As a coach it’s important to realise that it can be dangerous to mess with the identities of teams and individuals. What’s more, the risk of your interventions backfiring is high. Proceed with care and sensitivity.

We asked — if Dilbert et al are negative social objects, where are the positives? They do exist (but clearly not in the form of “employee of the month” and other special rewards). I like Hugh MacLeod’s Blue Monster, but I’ve seen many others - all the way down to soft toys used for integration tokens in agile teams that end up — scarily — acquiring a character and becoming part of those teams. Comment here if you have any memorable social objects in your team environment!

[1] Brits sometimes accuse those in the US of having no sense of humour, which is clearly untrue. I do wonder, though, whether it appears in concentrated form in proportionally fewer individuals on the other side of the pond…

3 Responses to “Dilbert considered harmful? (#acguk)”

  • Kevin McGuire responded:

    Dilbert expresses the common but unspoken truth much as the Seinfeld TV series did. For every social situation there is a Seinfeld episode lampooning it, and so too for corporate and Dilbert. I also love the demotivational posters. These all allow us to point at the things that are supposed to be ‘normal’, but which we feel aren’t, and laugh at them. The emphasis should be on “putting the fun back in dysfunctional”.

    That said, I’m guessing that too much Dilbert is an indicator of something festering beneath the surface. In an environment where people cannot openly express the issues, perhaps the Dilbert comic is the only safe (i.e. without recourse) avenue to vent frustration.

    As with all matters of degree, the real truth can only be discovered once you talk with people. For that reason I really liked your “Ask for the story” suggestion.

  • David responded:

    Point taken, Kevin, however the difference between Seinfeld and Dilbert is that you watch Sienfeld by choice, enjoy it, laugh at the situations and characters, and then the show’s over. The trouble with having these objects stuck on our walls is that they’re there all the time, both as silent reminders of dysfunction and as tacit reinforcers of the idea that the fault lies with the pointy-hairs, marketers, sales people and so on. Everything we’ve learned about cognition and the mind in the past couple of decades points to the deep influence of our surroundings on how we feel and act.

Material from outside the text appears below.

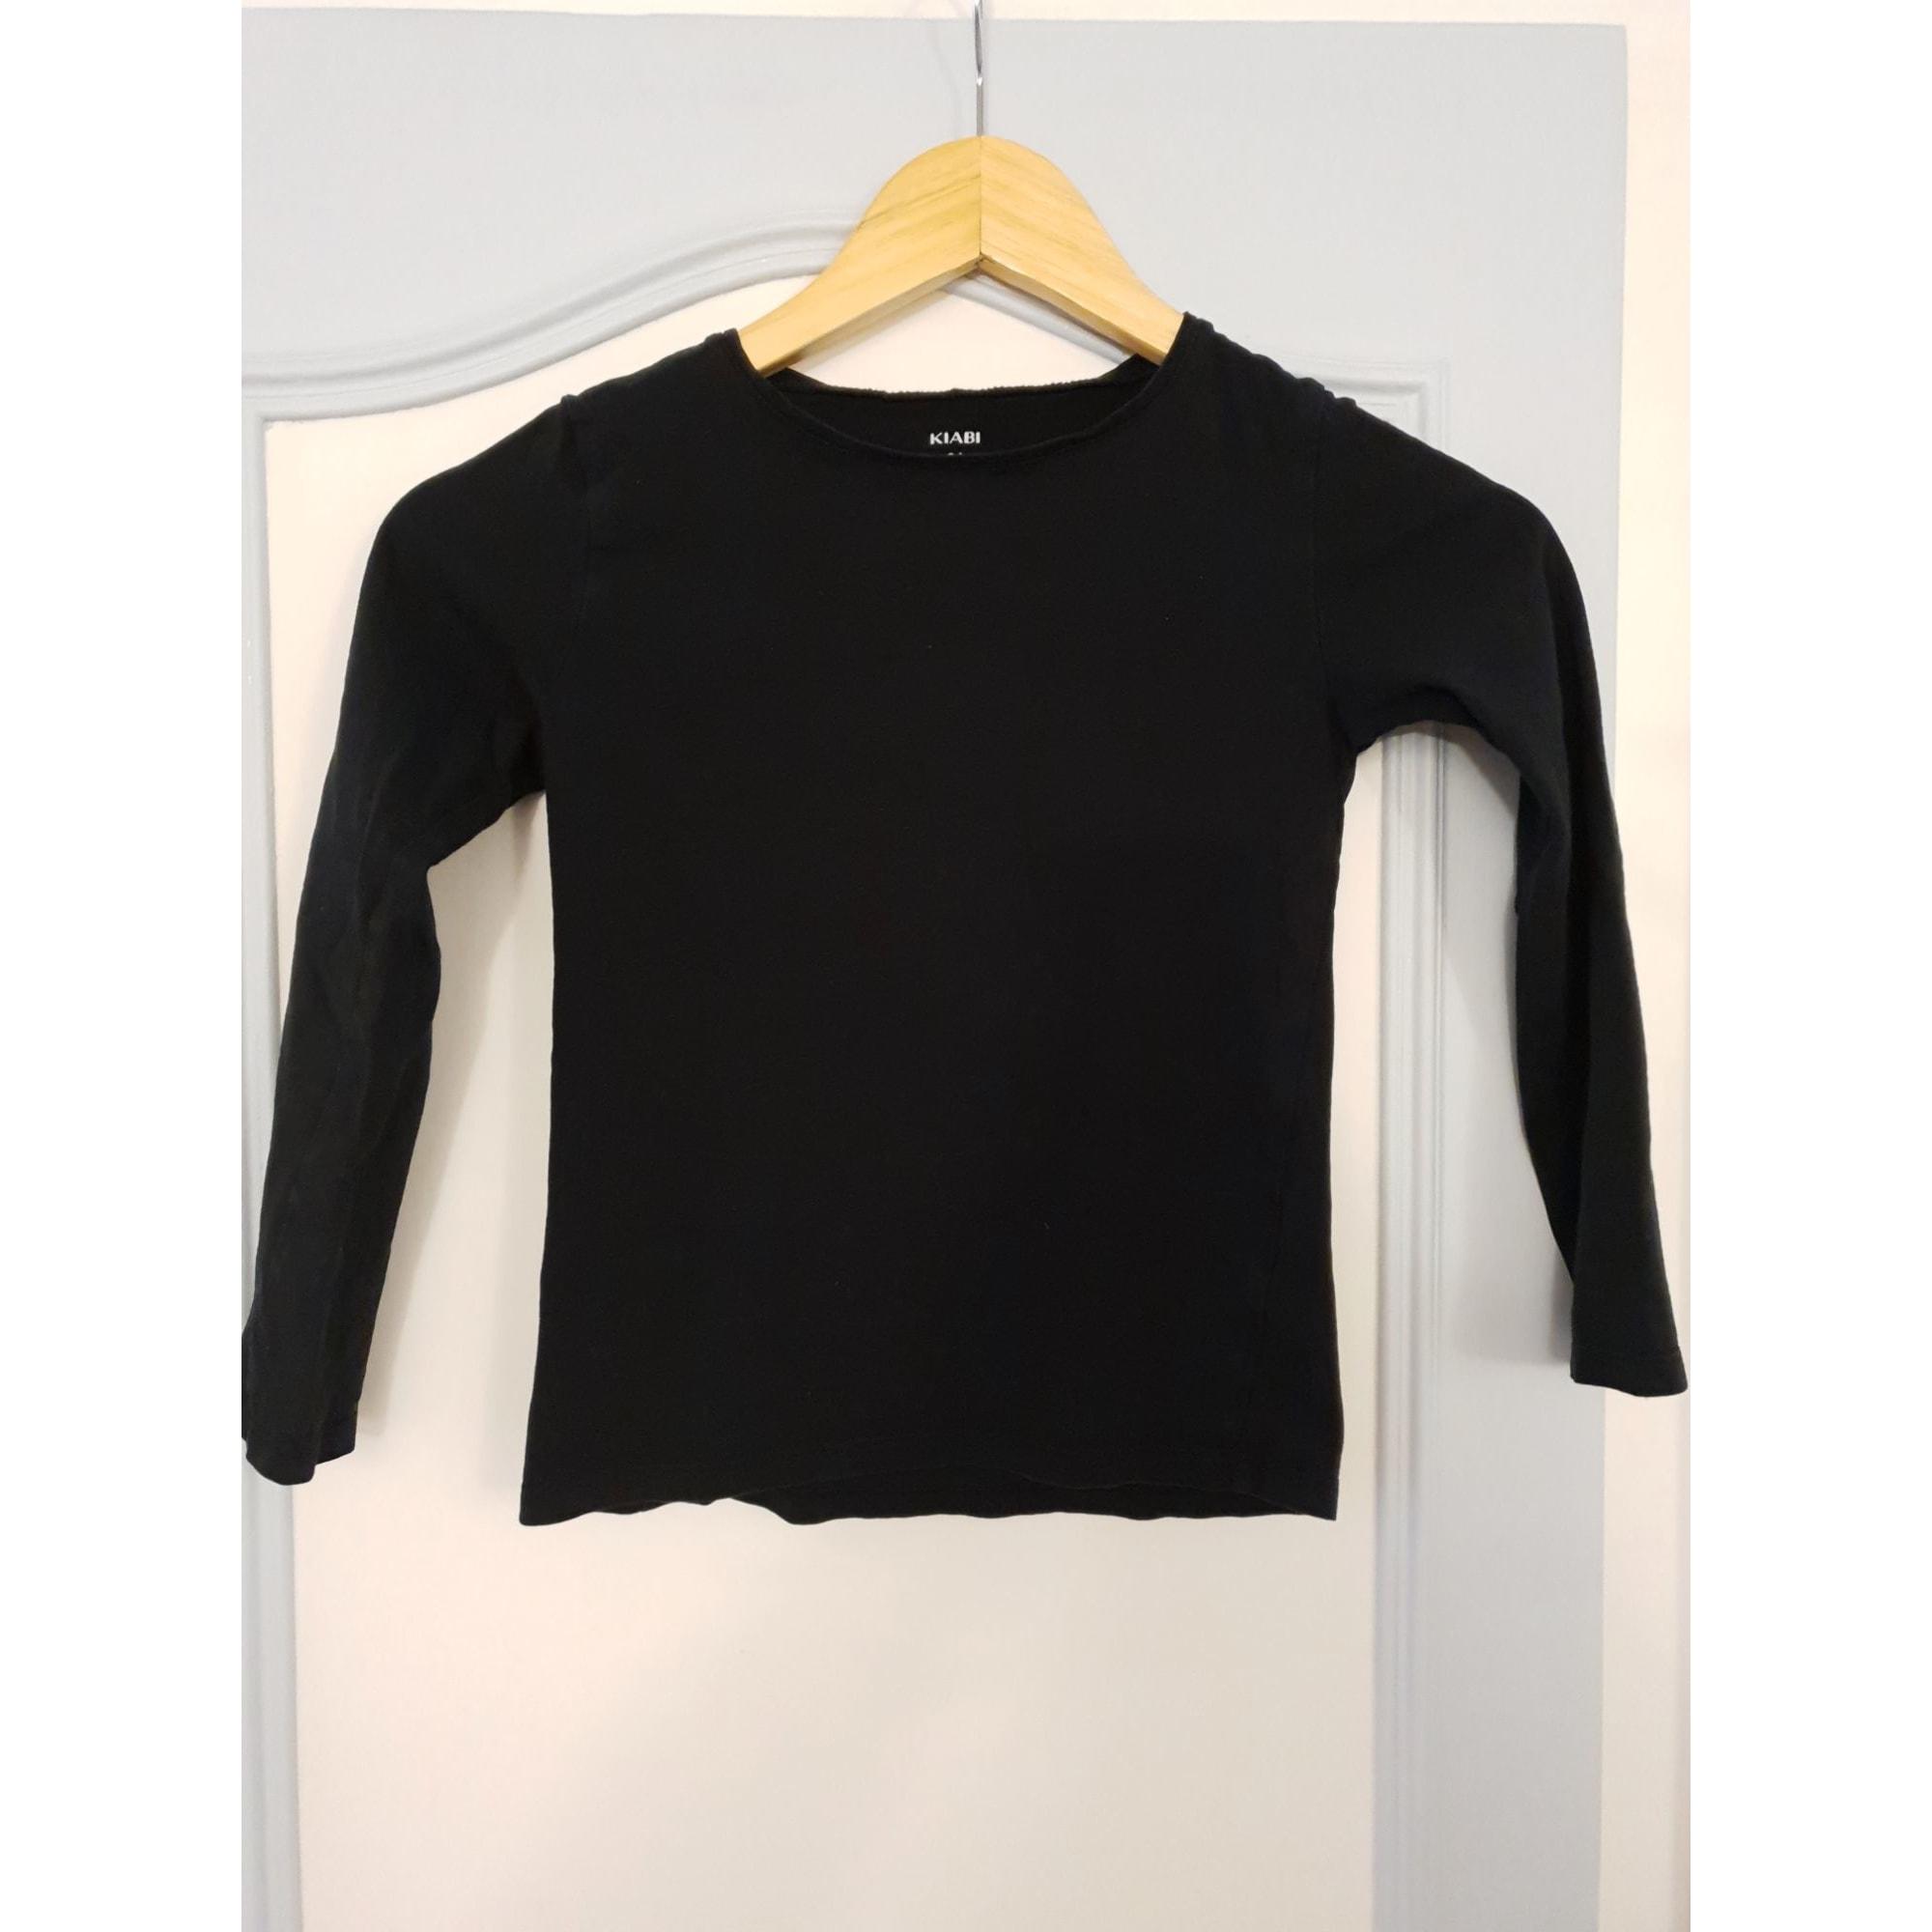 Top, Tee-shirt KIABI Noir

If the only safe way to express frustration is sticking another cartoon to the wall, then it’s already for me sign that something’s very wrong.

  • Scott Duncan responded:

    Tom DeMarco, in his book Slack, discussed Dilbert, pointing out that there is no hero. Everyone contributes to the situation; no one is working to fix anything (or to leave to find a potentially better environment).

    If you miss that and think Dilbert, Wally, et al are some sort of tragic victims, then management can be blamed for everything. At least the pointy-haired boss believes what he says/does, even if we find it unacceptable. Everyone else does not.

    I certainly posted some Dilbert cartoons at one place I worked. I did alter them, putting in my name, to highlight my Dilbertesque behavior when I caught myself in it.

    Regarding posting the Manifesto, I can see both sides on this. I guess what I’d like to see are group charters, rather than just copies of the Manifesto, since the charters would be some evidence of an internalization of the values and principles. Charters would show how the organization is responding to and adopting an agile approach.